The widow—Mrs. Edith Zeller—runs the bed-and-breakfast without any flair for hospitality. Wealthy Germans and Amsterdammers show up, materialize out of her guest register, and she sets them loose on her overdecorated, cold rooms. If the plumbing goes south in the winter, or there's a dip in reservations, she sells off a painting or an antique desk. It's been that way for years. Antiquity pays for maintenance; tourists pay for the utilities and the petrol in her car. A cash-poor widow sitting on millions in accumulated wealth. Ellie sees all this in the way she signs them in, sees it on the wallpaper blanched with the ghosts of sold-off paintings, in her instructions and laminated signs for brief showers and turning off the water while brushing teeth. The widow somehow carries the burden of inherited wealth. They are shown to their ground-floor rooms. Ellie's is narrow and a little threadbare, makes her think of convalescence and bedpans—a washbasin on the bureau, an embroidered hand towel, a view of the summer garden gone to seed.

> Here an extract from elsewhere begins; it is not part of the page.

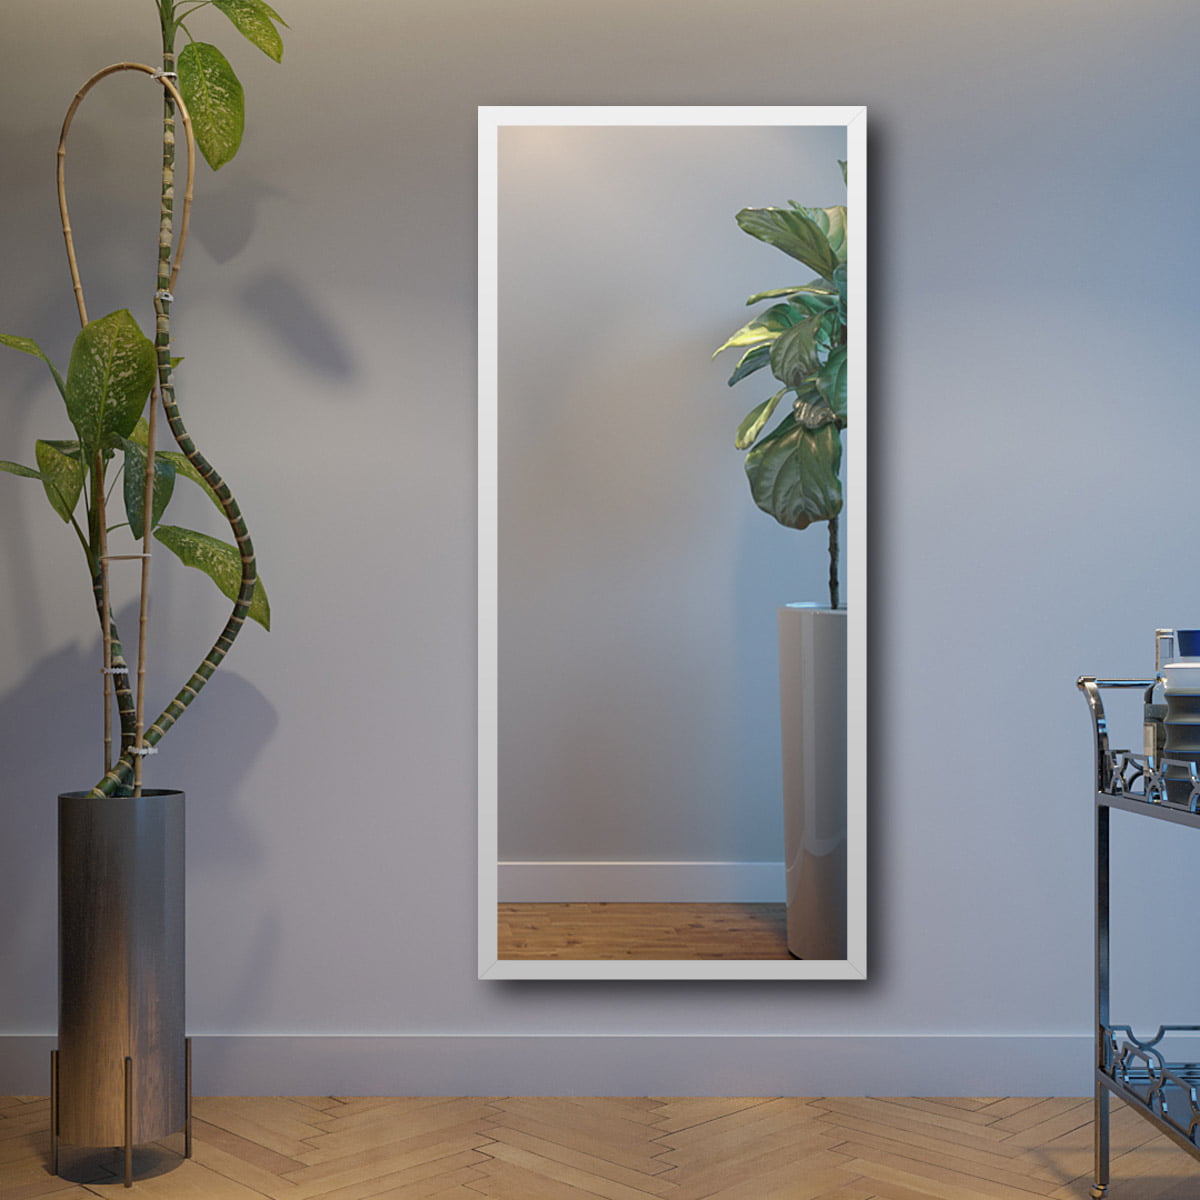 Espelho Moldura Lisa 100x70cm
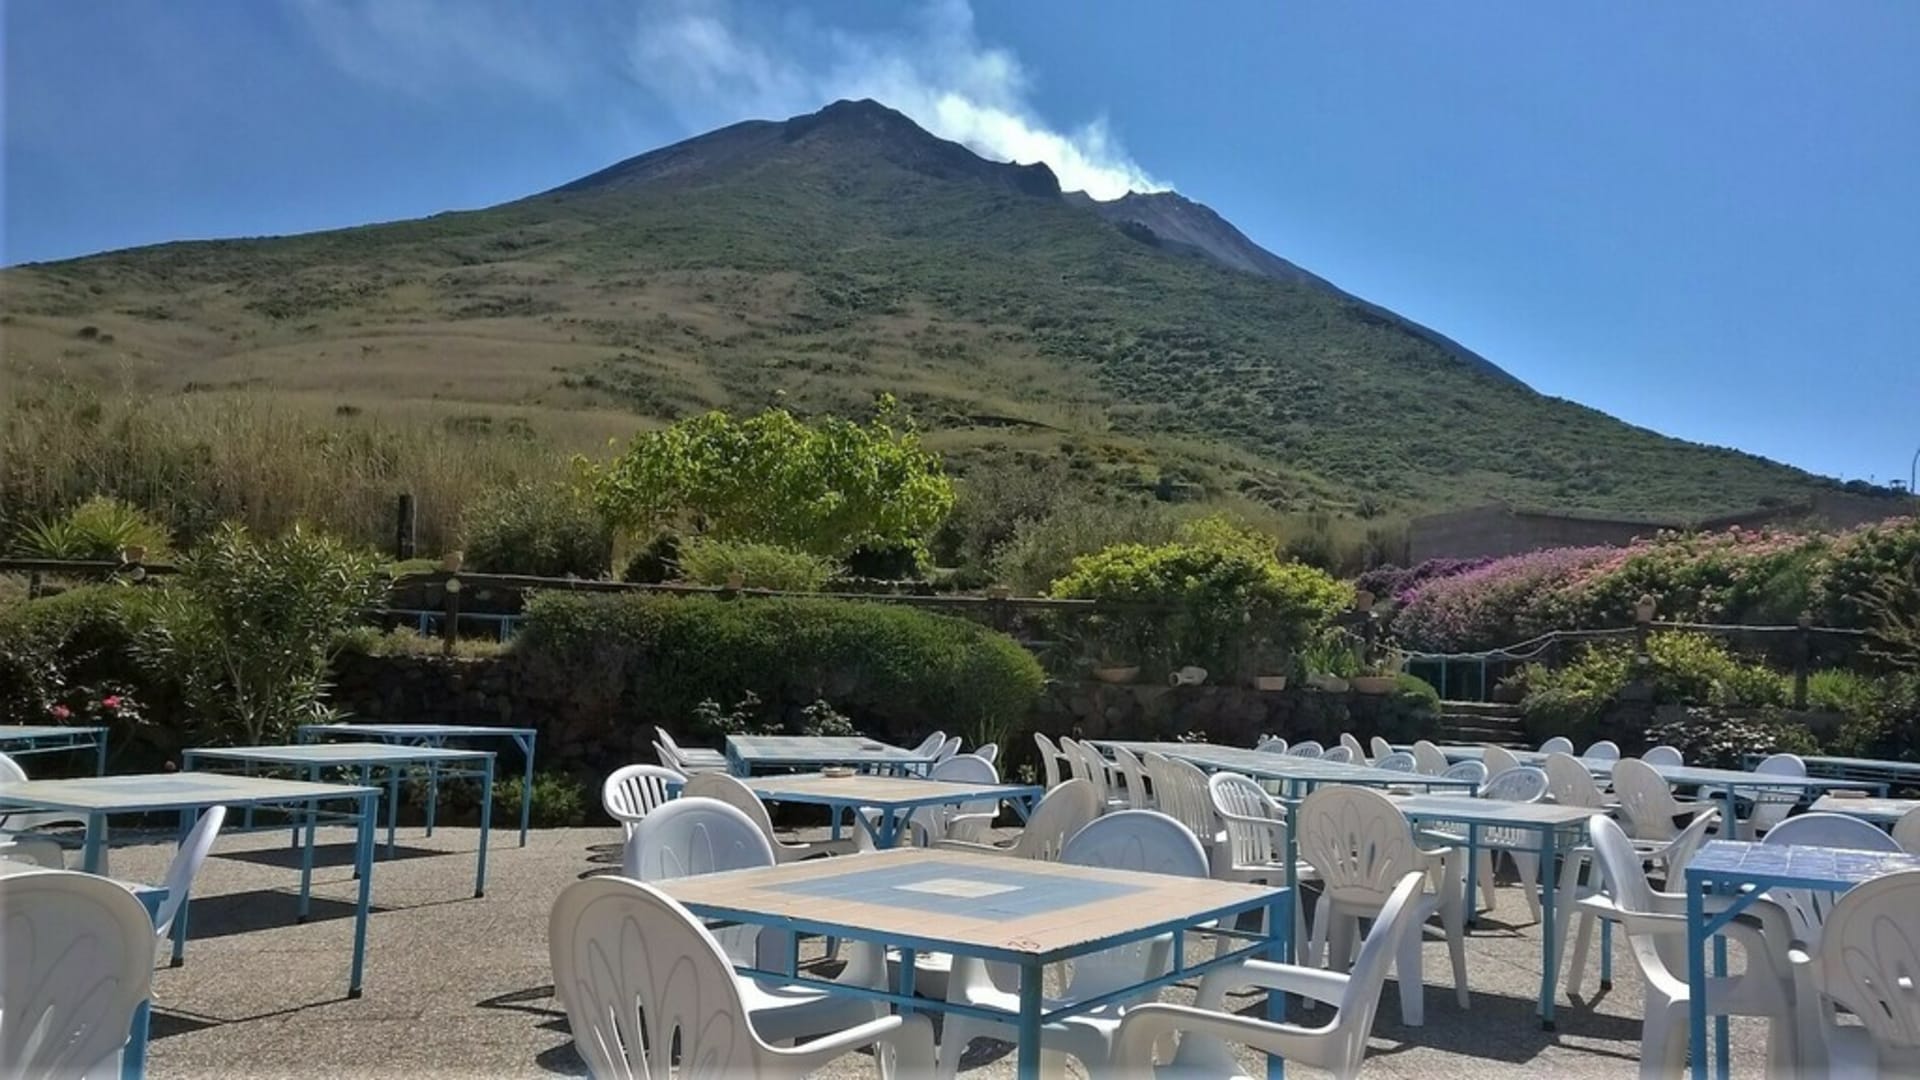 Sopka Stromboli

At dinner they broach the subject of the funeral painting, gently interrogate the widow about how she came by it, how long it had been in her family, et cetera. Mrs. Zeller has warmed them up a stew of root vegetables and smoked sausage for dinner and Ellie wonders whether they'll be charged for these days-old leftovers. They eat in one of two disheveled kitchens, the dining room closed off to guests long ago. The widow recounts the stages of household decline as if they were acts of God—the plague of ruin and dustcovers when her father died, the eternal cold and damp of the upper rooms when she and her mother couldn't afford kerosene or firewood, the dwindling of the spirit as she lost her own husband and her children moved away. A banker in England; a concierge in Paris.

“Where did your picture collection come from?” Ellie asks.

“Some came from a distant uncle on my father's side and others were bought by my father himself. During the second war there was looting and German soldiers all around here. The old families tried to hoard their treasures with neighbors and in old barns, to keep their heirlooms hidden from view. A lot of the paintings disappeared.”